Pre-conference lecture (no participation fee)

HathiTrust Research Center: Pushing the Frontiers of Large Scale Text Analytics

Presenter: J. Stephen Downie (Associate Dean for Research Graduate School of Library and Information Science
University of Illinois Urbana-Champaign / Co-director of the HathiTrust Research Center (HTRC))
Moderator: Shunya Yoshimi (University of Tokyo)

15 September 17:30 - 19:00 @Faculty of Engineering Bldg.2 (Hongo Campus), University of Tokyo [map]

This presentation will introduce the newly-formed HathiTrust Research Center (HTRC) and its projects. The HTRC is affiliated with the HathiTrust, an online repository dedicated to the provision of access to a comprehensive body of published works for scholarship and education ( ). Over 60 universities belong to the HathiTrust community and over 10 million volumes have been ingested into its digital archive from sources including Google Books, member university libraries, the Internet Archive, and numerous private collections. The HathiTrust Research Center ( ) is dedicated to facilitating scholarship using this enormous corpus through enabling access to the corpus, developing research tools, fostering research projects and communities, and providing additional resources such as enhanced metadata and indices that will assist scholars to more easily exploit the HathiTrust corpus.

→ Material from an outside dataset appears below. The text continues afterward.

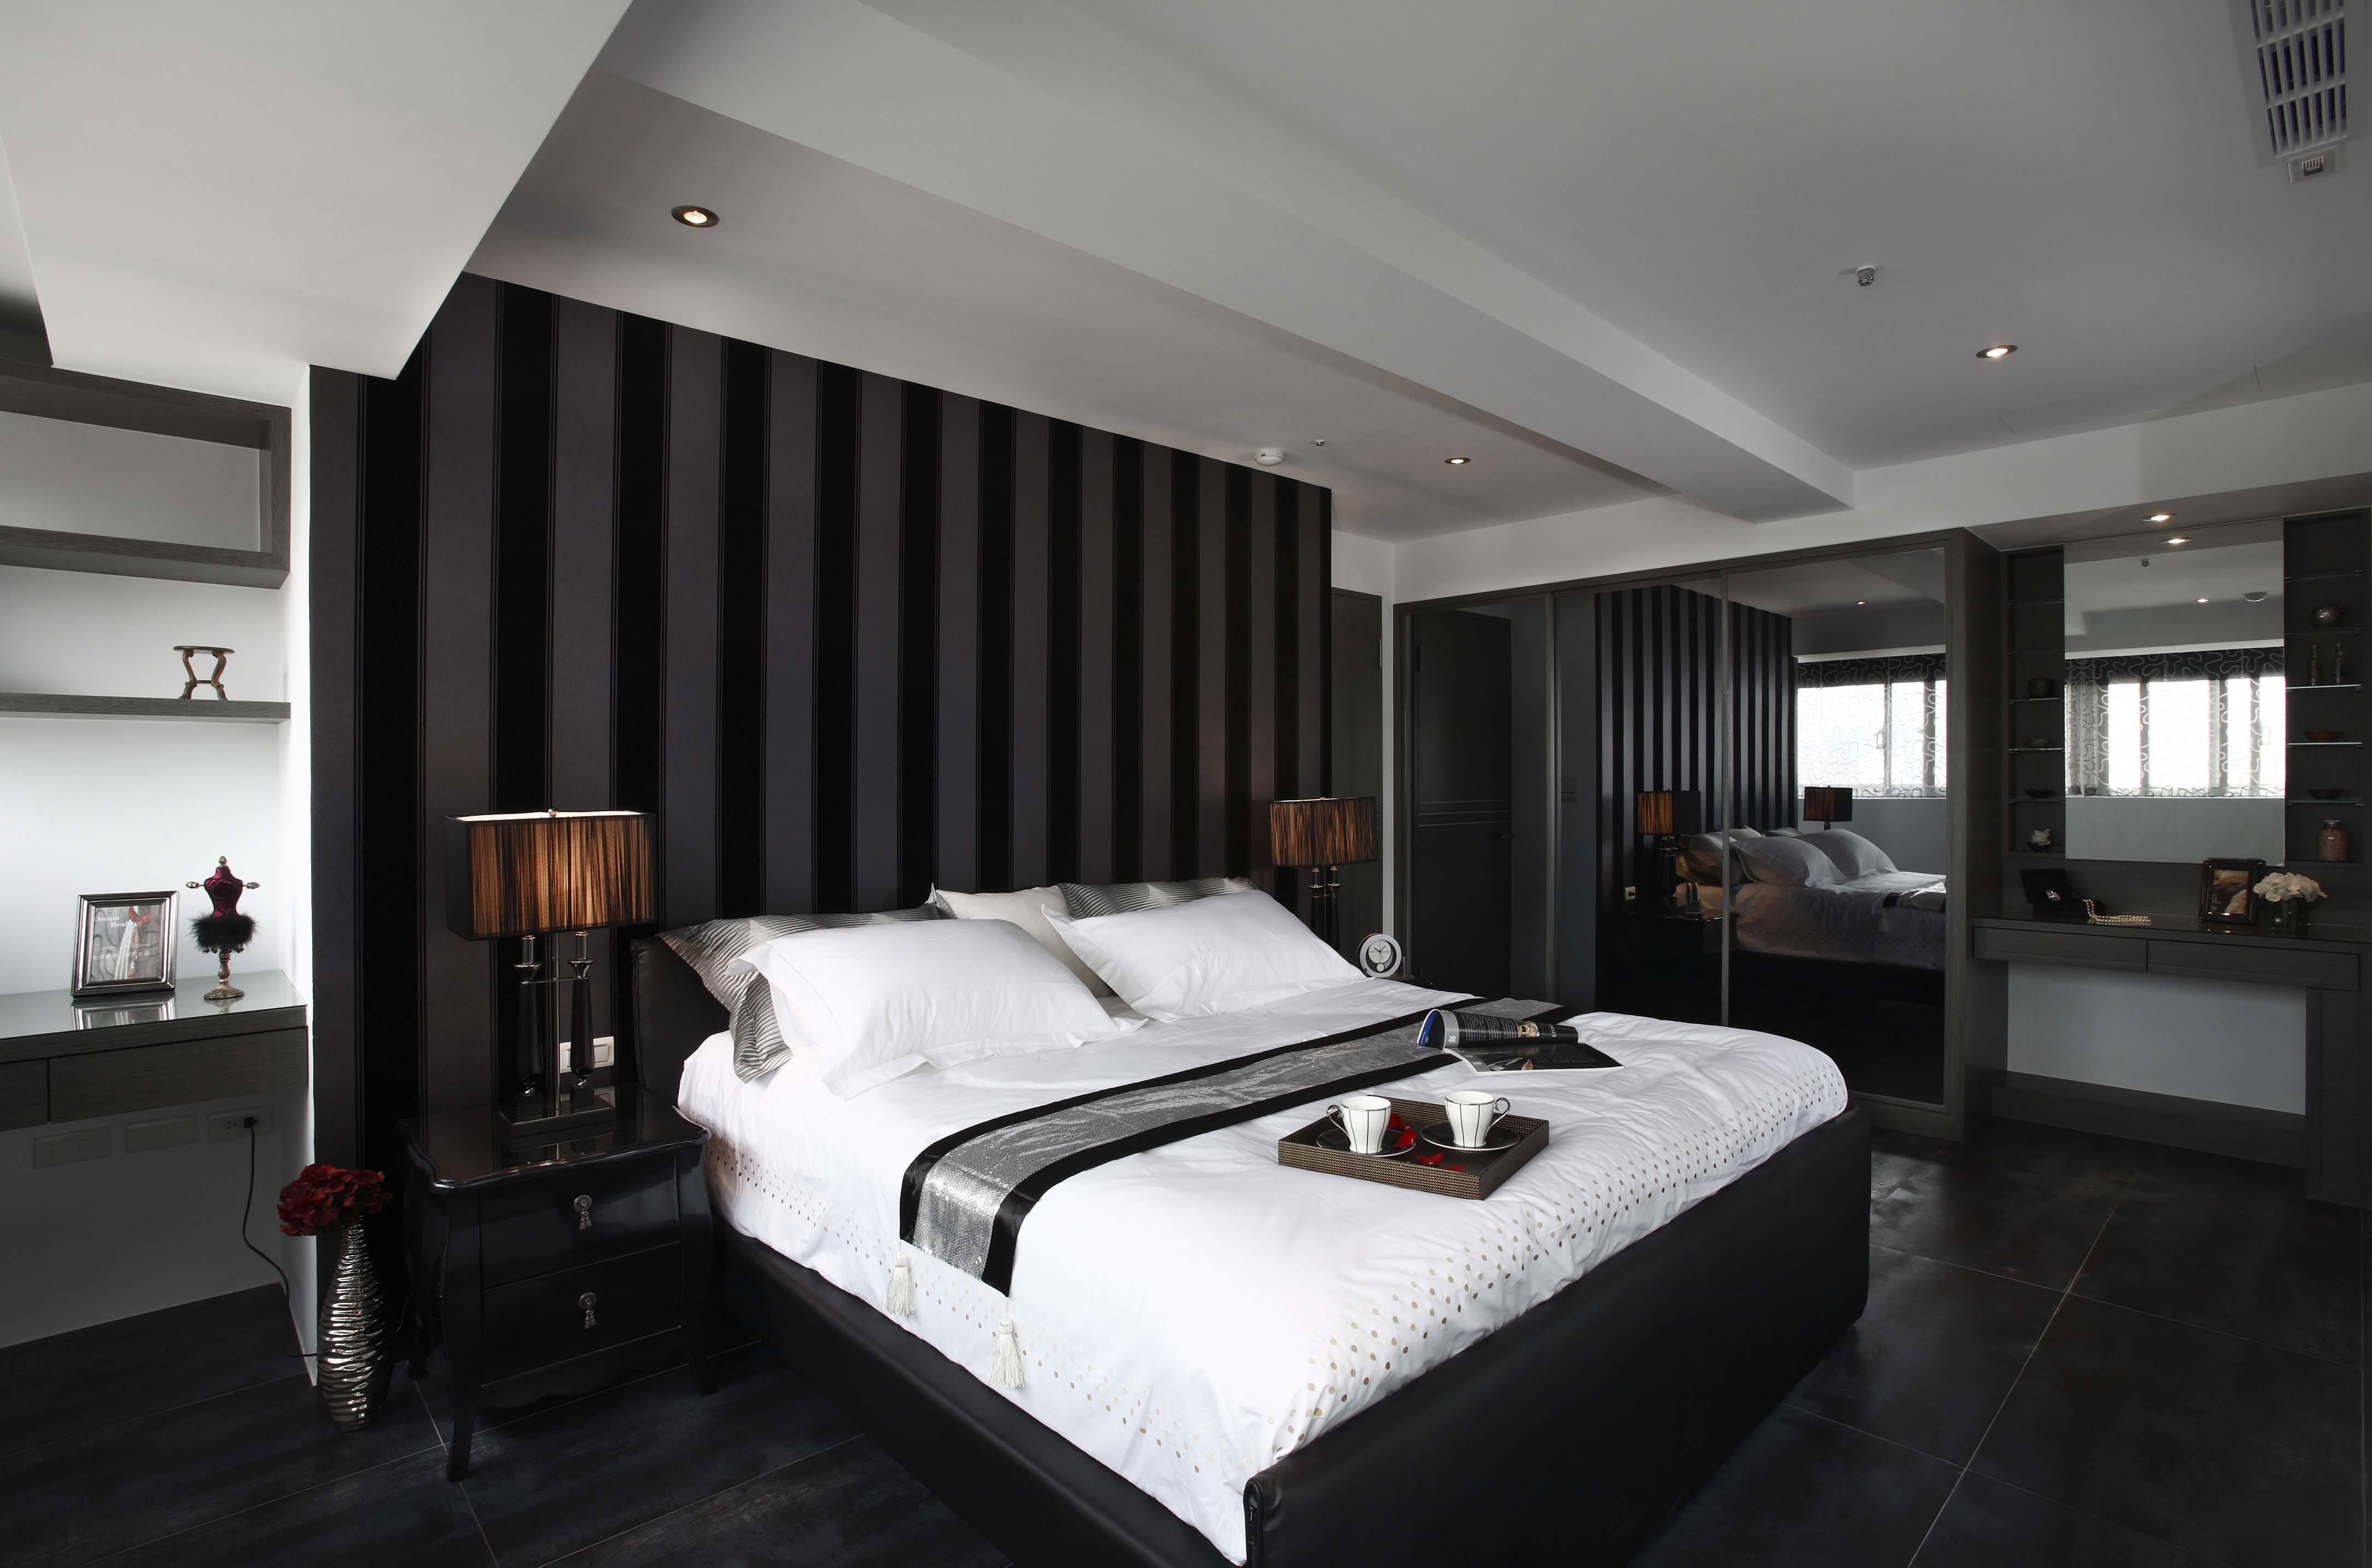 现代时尚风韵三居主卧室装修设计图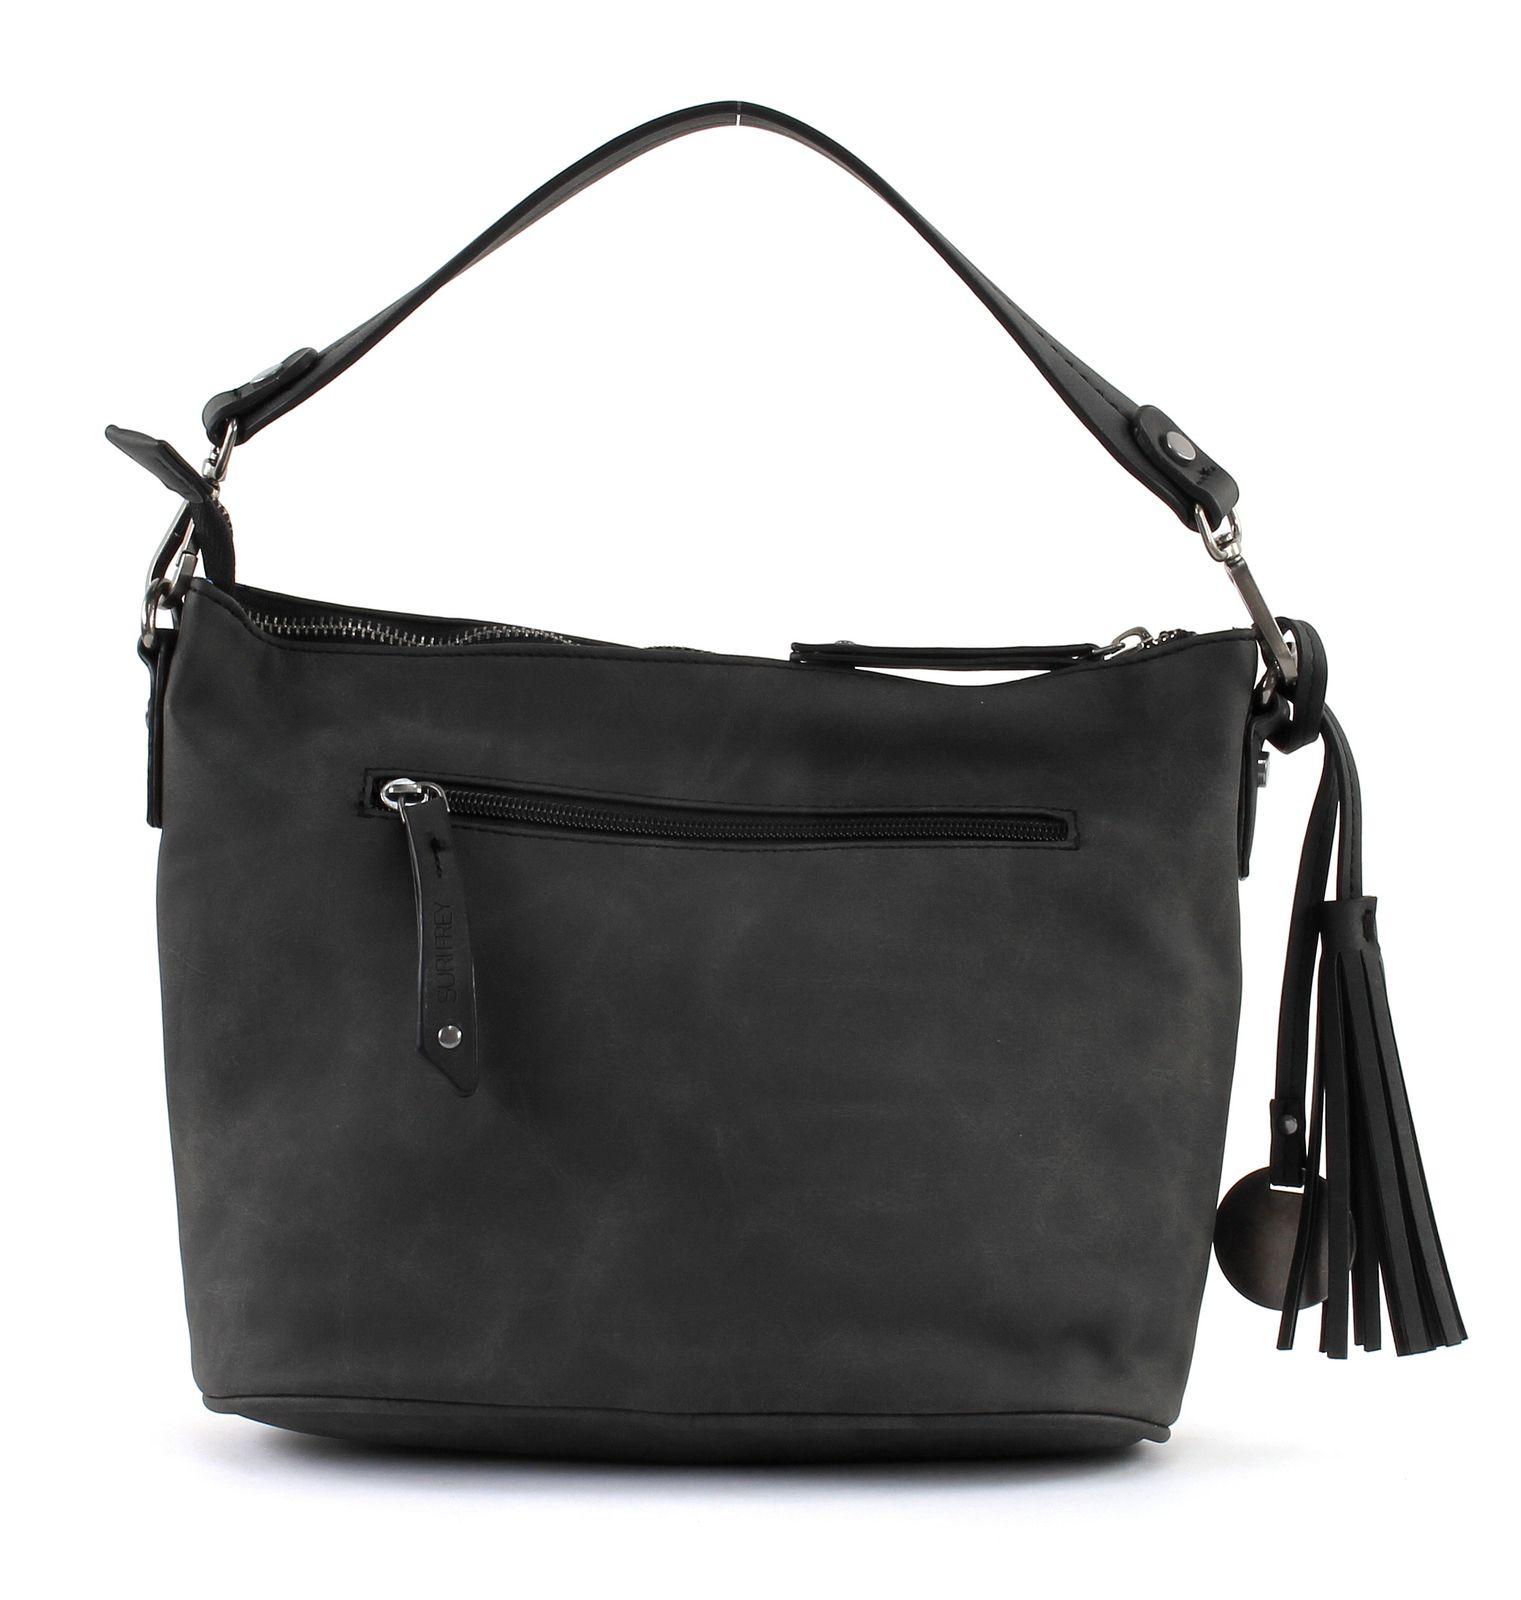 Mary Handbag Black Suri Frey B9VNTPLmG

The poster will outline the mission and goal of the HTRC, progress toward this goal to date, current and planned projects, and ways in which scholars can work with and through the HTRC.
Specific issues and related projects that will be discussed include:

(1) Development of approaches and tools for “non-consumptive research,” research on corpuses of documents that does not involve reading the documents. Of the 10.2 million volumes in HathiTrust, 62% are subject to copyright laws of the United States and other countries and the remaining 38% that are in the public domain are subject to Google terms of access. HTRC has entered into legal agreements with HT and Google that can provide computational access to the volumes as a service to researchers. In addition, HTRC researchers are currently developing computational tools for non-comsumptive research that provide ways in which text mining and other tools can be applied to copyrighted materials of the HathiTrust corpus in ways that does not violate fair use terms.

(2) Development of a tool suite for analysis of HathiTrust data through collaborations with the SEASR group and Project Bamboo.

(3) Access to high performance computing resources for analysis of HathiTrust data.

(4) Specific HTRC research project examplars.

(5) Governance and community building.